# Provided entries
*** Begin section ***

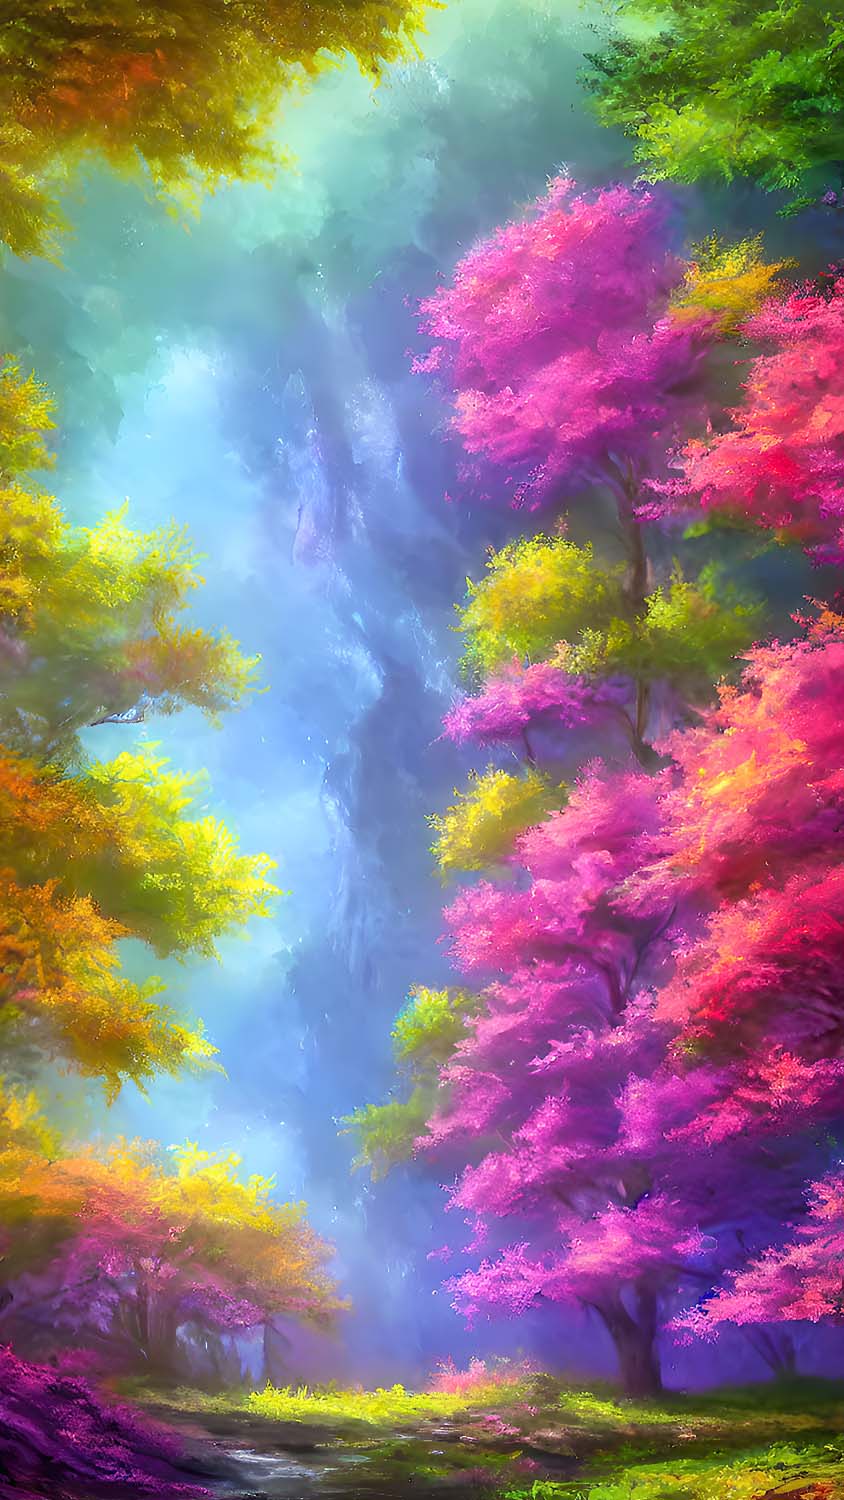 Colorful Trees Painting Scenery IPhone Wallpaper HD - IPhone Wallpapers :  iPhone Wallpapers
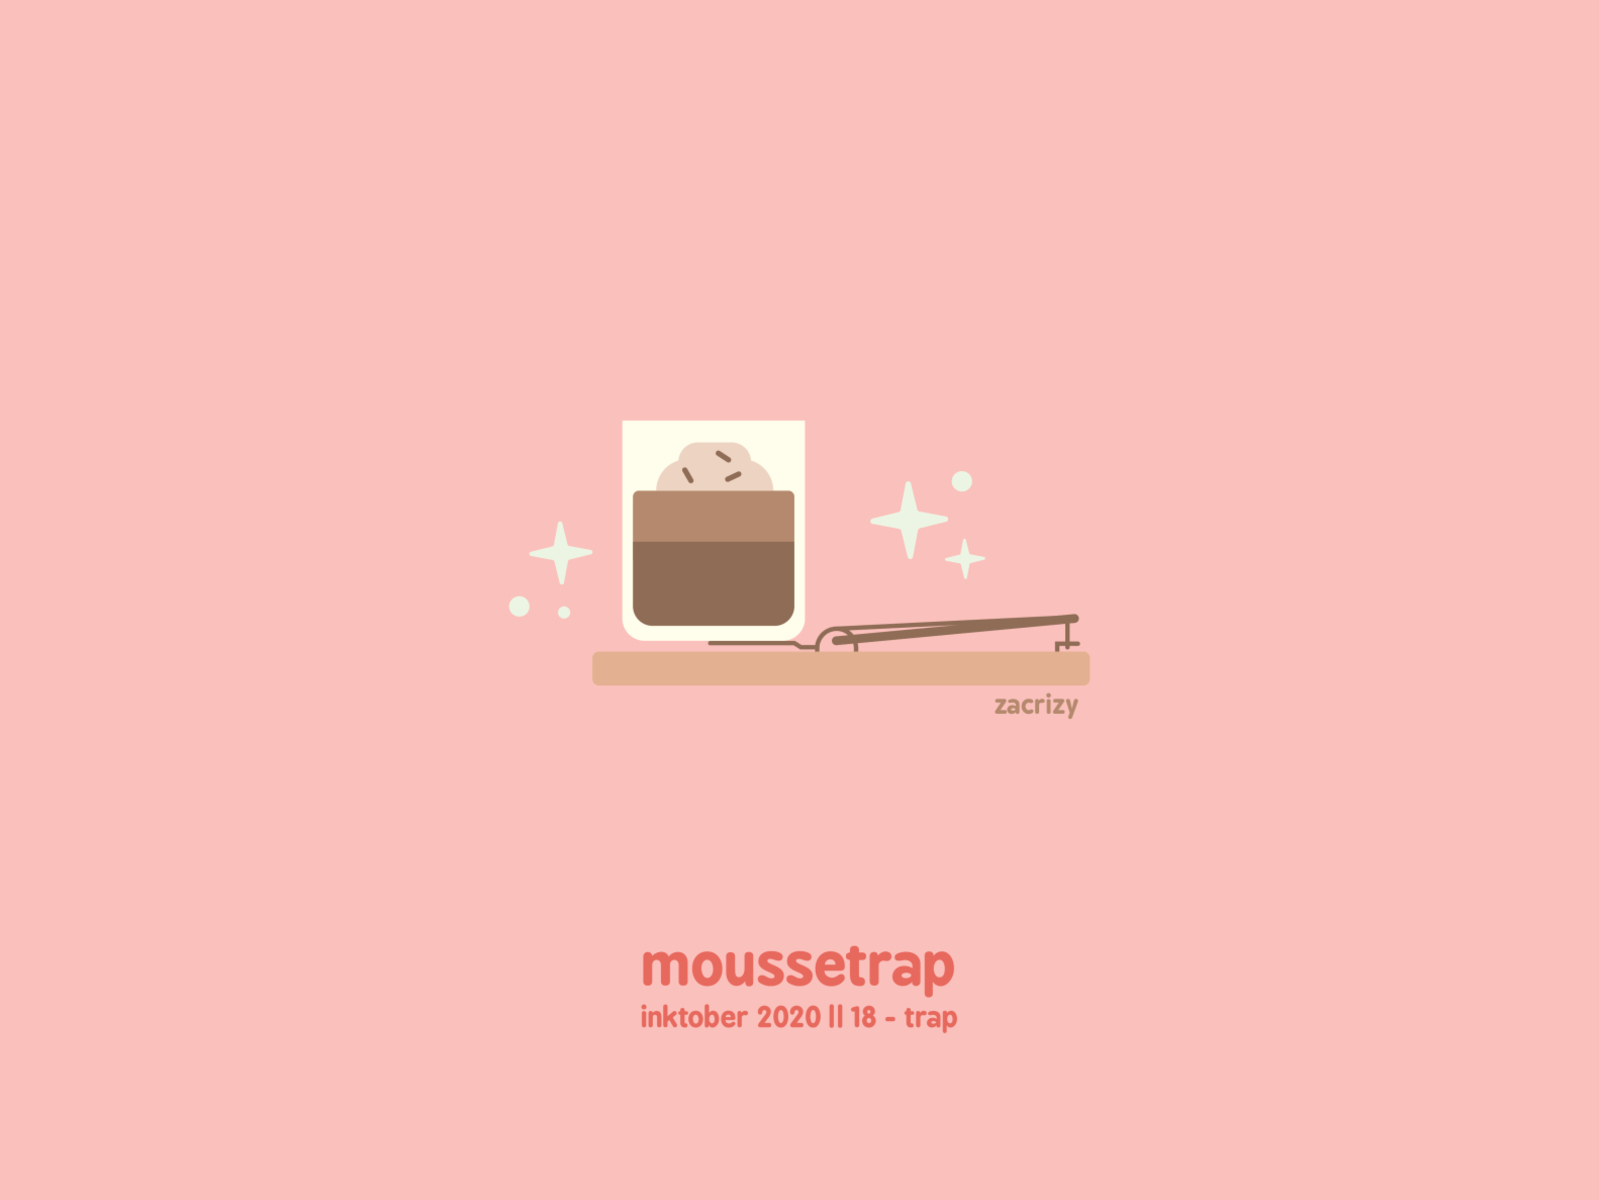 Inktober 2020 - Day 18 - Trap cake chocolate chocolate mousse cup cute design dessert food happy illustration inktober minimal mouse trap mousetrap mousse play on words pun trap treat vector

*** End section ***
*** Begin section ***

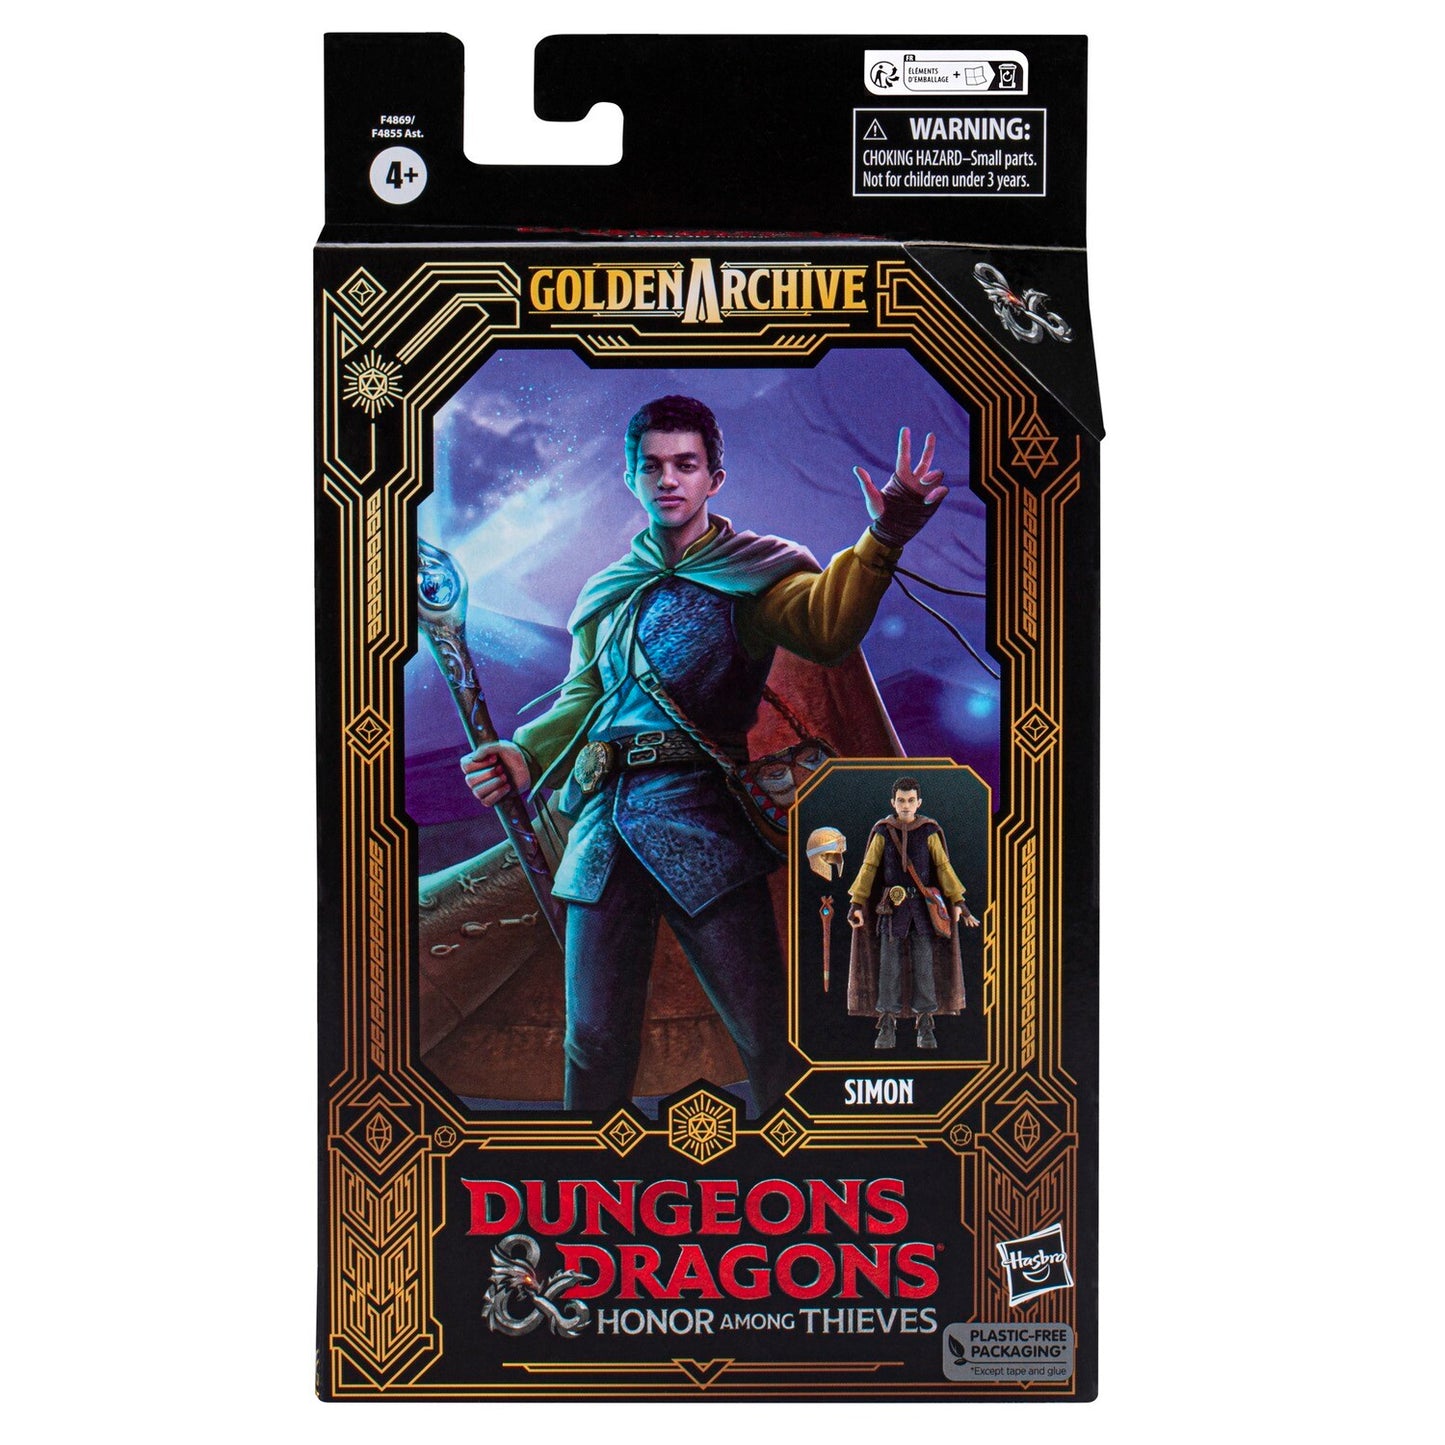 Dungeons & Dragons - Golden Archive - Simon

*** End section ***

# Assignment
In the data above, start at the line holding "Colorful Trees Painting" and stop after the line holding "Inktober 2020 - Day"; write out those lines exactly, without pictures.

# Finished exercise
 Colorful Trees Painting Scenery IPhone Wallpaper HD - IPhone Wallpapers :  iPhone Wallpapers
 Inktober 2020 - Day 18 - Trap cake chocolate chocolate mousse cup cute design dessert food happy illustration inktober minimal mouse trap mousetrap mousse play on words pun trap treat vector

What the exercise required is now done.